Please bear in mind that, due to the aforementioned licence restrictions, Nine is offering OpenSearch and Solr, and cannot provide Elasticsearch as a Managed Service.

We nevertheless include Elasticsearch in our list of key differences between the three search engines in the next chapters.

Differences Between Apache Solr and Elasticsearch

Differences in Features

When it comes to the features, the key differences are as follows:

  1. Main Focus: Solr’s primary strength lies in its robust full-text search capabilities, offering a wider range of features in this area compared to Elasticsearch. While Elasticsearch simplifies its interface through a straightforward API, it sacrifices some flexibility in the process. Meanwhile, Elasticsearch excels at handling time series data and analytics, and is renowned for its exceptional scalability, processing time series data, and analytics.
  2. Data Handling: Both provide a variety of options and data sources, such as JSON or CSV. However, Solr works with predefined schemas, whereas Elasticsearch is more flexible, due to its schema-free approach. Although Solr’s schemas can also be defined to be more dynamic, it cannot match Elasticsearch in that regard.
  3. Query Language: Solr’s query language is more sophisticated and allows for more complex searches. In contrast, Elasticsearch provides a simpler and more intuitive syntax.
  4. Scalability: Although both systems are highly scalable, Elasticsearch has a distributed architecture and supports automatic sharding. 

Differences in Community

Apache Solr has a longer development history, and this comes with a more mature open-source community.

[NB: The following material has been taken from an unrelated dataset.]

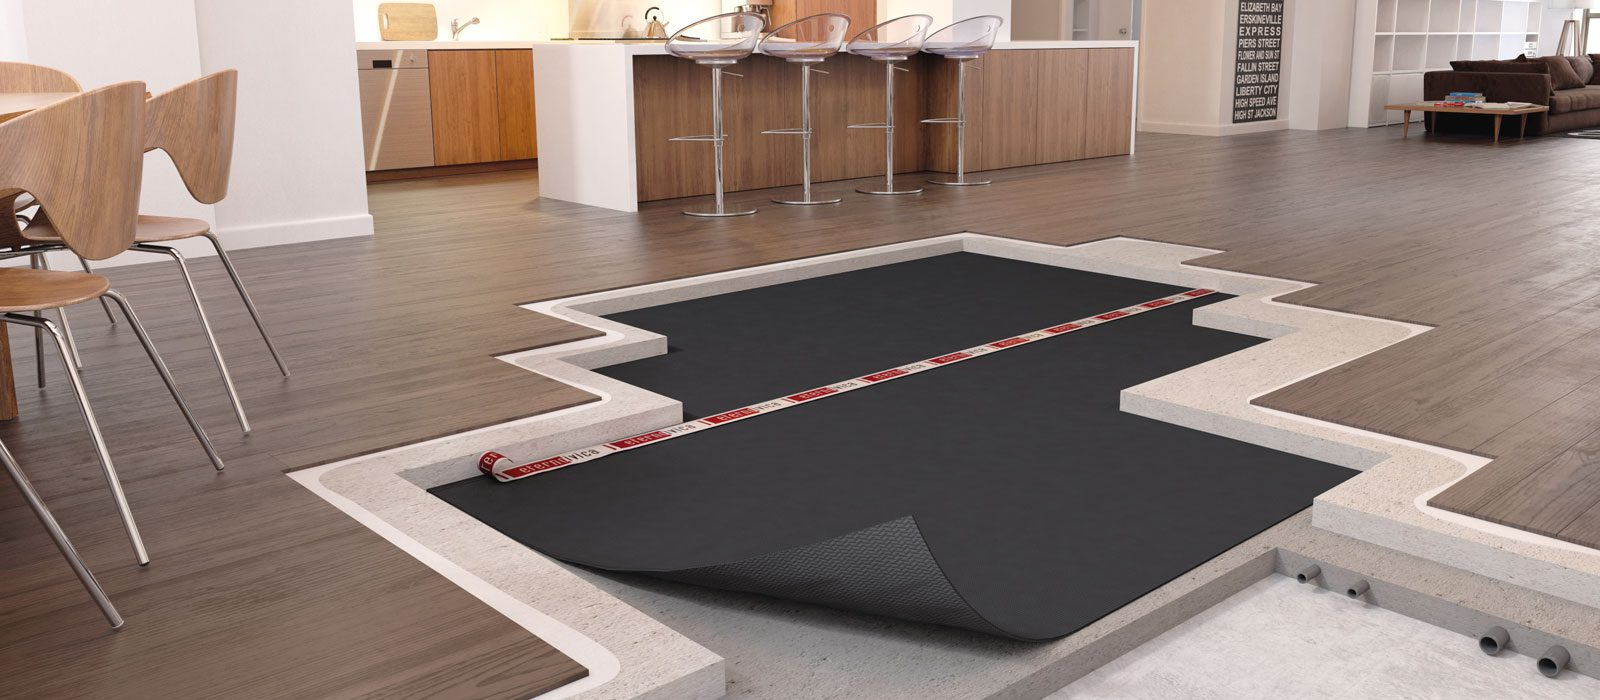 calpestio acustica pavimento galleggiante rumori impatto

However, Elasticsearch benefits from a vibrant and active Elastic community. As of May 2024, according to DB-Engines, Elasticsearch is generally more popular than Apache Solr.

Differences between Elasticsearch and OpenSearch

Differences in Features

Although OpenSearch was forked from Elasticsearch in Version 7.10.2, some differences have emerged in the meantime.

Their common functionality is coming from Apache Lucene, which both are based on. Some specific functionality, such as authentication or authorisation, index management and alerting, are proprietary in Elasticsearch, and thus had to be implemented with open-source alternatives in OpenSearch.

Since the two search engines are developed independently, some new features are mutually exclusive. For example, Elasticsearch has added ‘Time Series Data Streams’ (TSDS), which allow for time stamped metrics data as one or more time series. Meanwhile, OpenSearch reintroduced segment replication, which enables copying segment files across shards, instead of documents being indexed on each shard copy.

Differences in Community

Currently, there seem to be more contributions to Elasticsearch than to OpenSearch. However, interest in OpenSearch keeps rising, while the interest in Elasticsearch is slowly declining. Due to Elasticsearch’s licensing change, there are many providers who no longer offer Elasticsearch as a Managed Service.